Novidadeiro – O pop sem rosto da Sia

Sia: de "operária" do pop a estrela incógnita

Sia: de “operária” da música a estrela “incógnita” do pop

Pra mim a Sia é um dos fenômenos mais interessantes da história recente da música pop. Nascida Sia Kate Isobelle Furler (em 1975, na Austrália), a cantora e compositora – ainda pouco conhecida no Brasil – é uma das mais influentes forças criativas por trás da estética atual do pop comercial estadunidense. Esse vídeo demonstra um pouco melhor a importância da moça, reunindo canções pop de sucesso recente que foram compostas por ela e gravadas por “medalhões” das paradas de sucesso radiofônico. Mas o fato relevante aqui é que essa ilustre “desconhecida” do público em geral recentemente resolveu se arriscar mais uma vez como artista popular, colocando na praça um disco totalmente composto e interpretado por si mesma.
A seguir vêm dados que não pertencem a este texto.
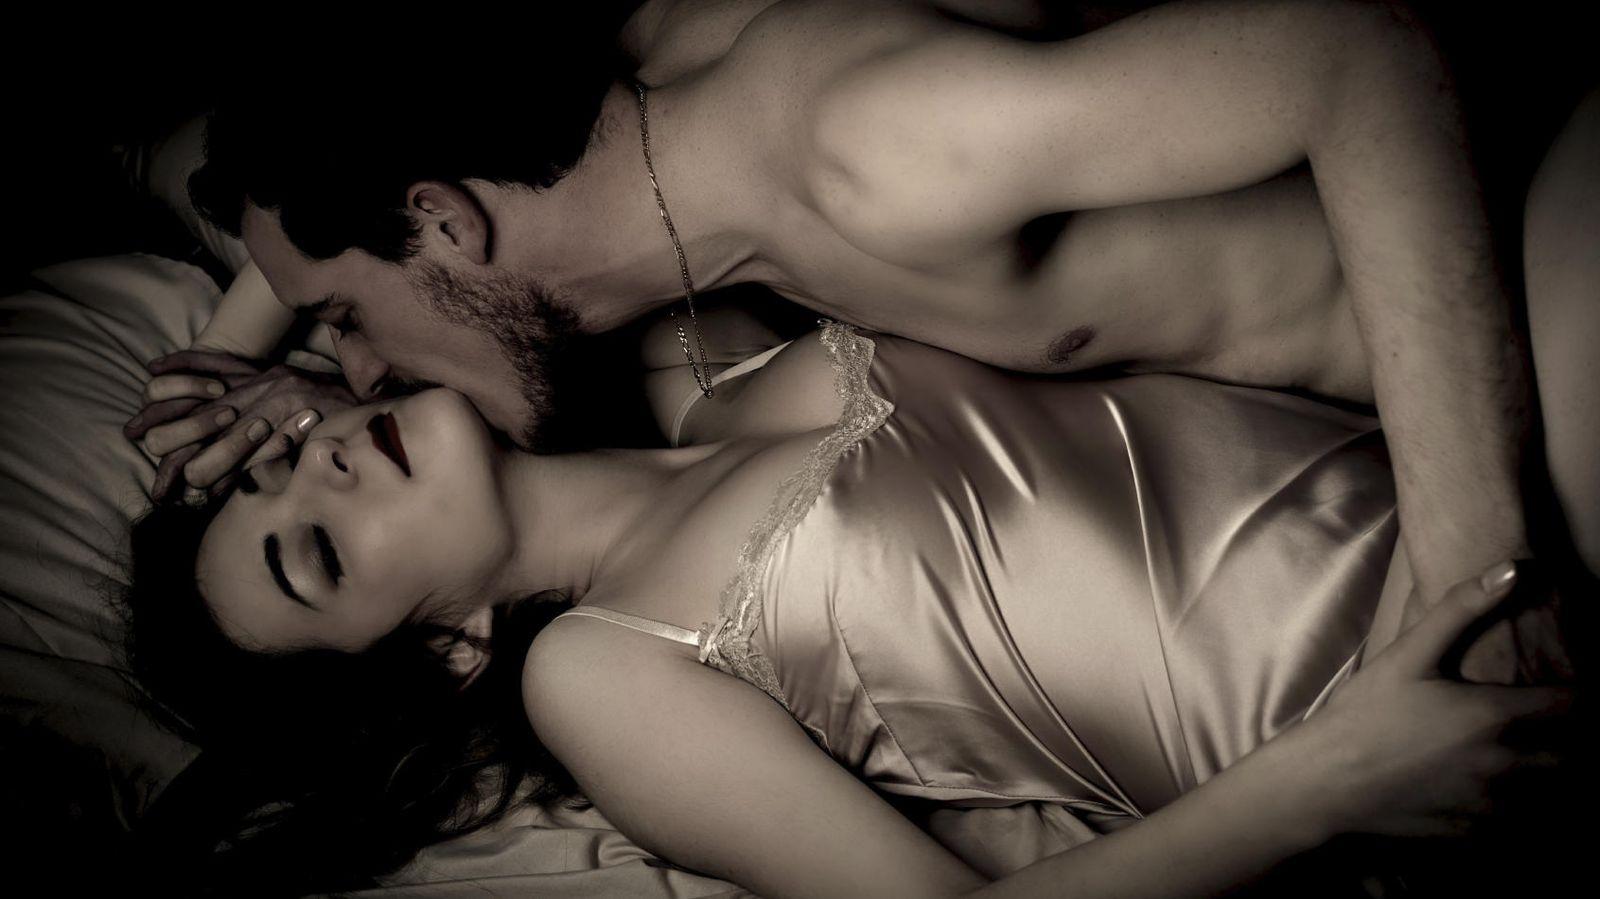 Foto: Sólo necesitas un poco de ingenio y picardía para subir la temperatura y enriquecer tu vida sexual. (iStock)

E digo “mais uma vez” porque, paralelamente ao seu trabalho como compositora, na primeira década dos anos 2000 Sia lançou nada menos que seis discos autorais que foram promovidos de maneira no mínimo preguiçosa pelas gravadoras com as quais ela havia assinado – trabalhos que foram recebidos com pouca atenção pela crítica especializada e com ainda menos entusiasmo pelo público consumidor.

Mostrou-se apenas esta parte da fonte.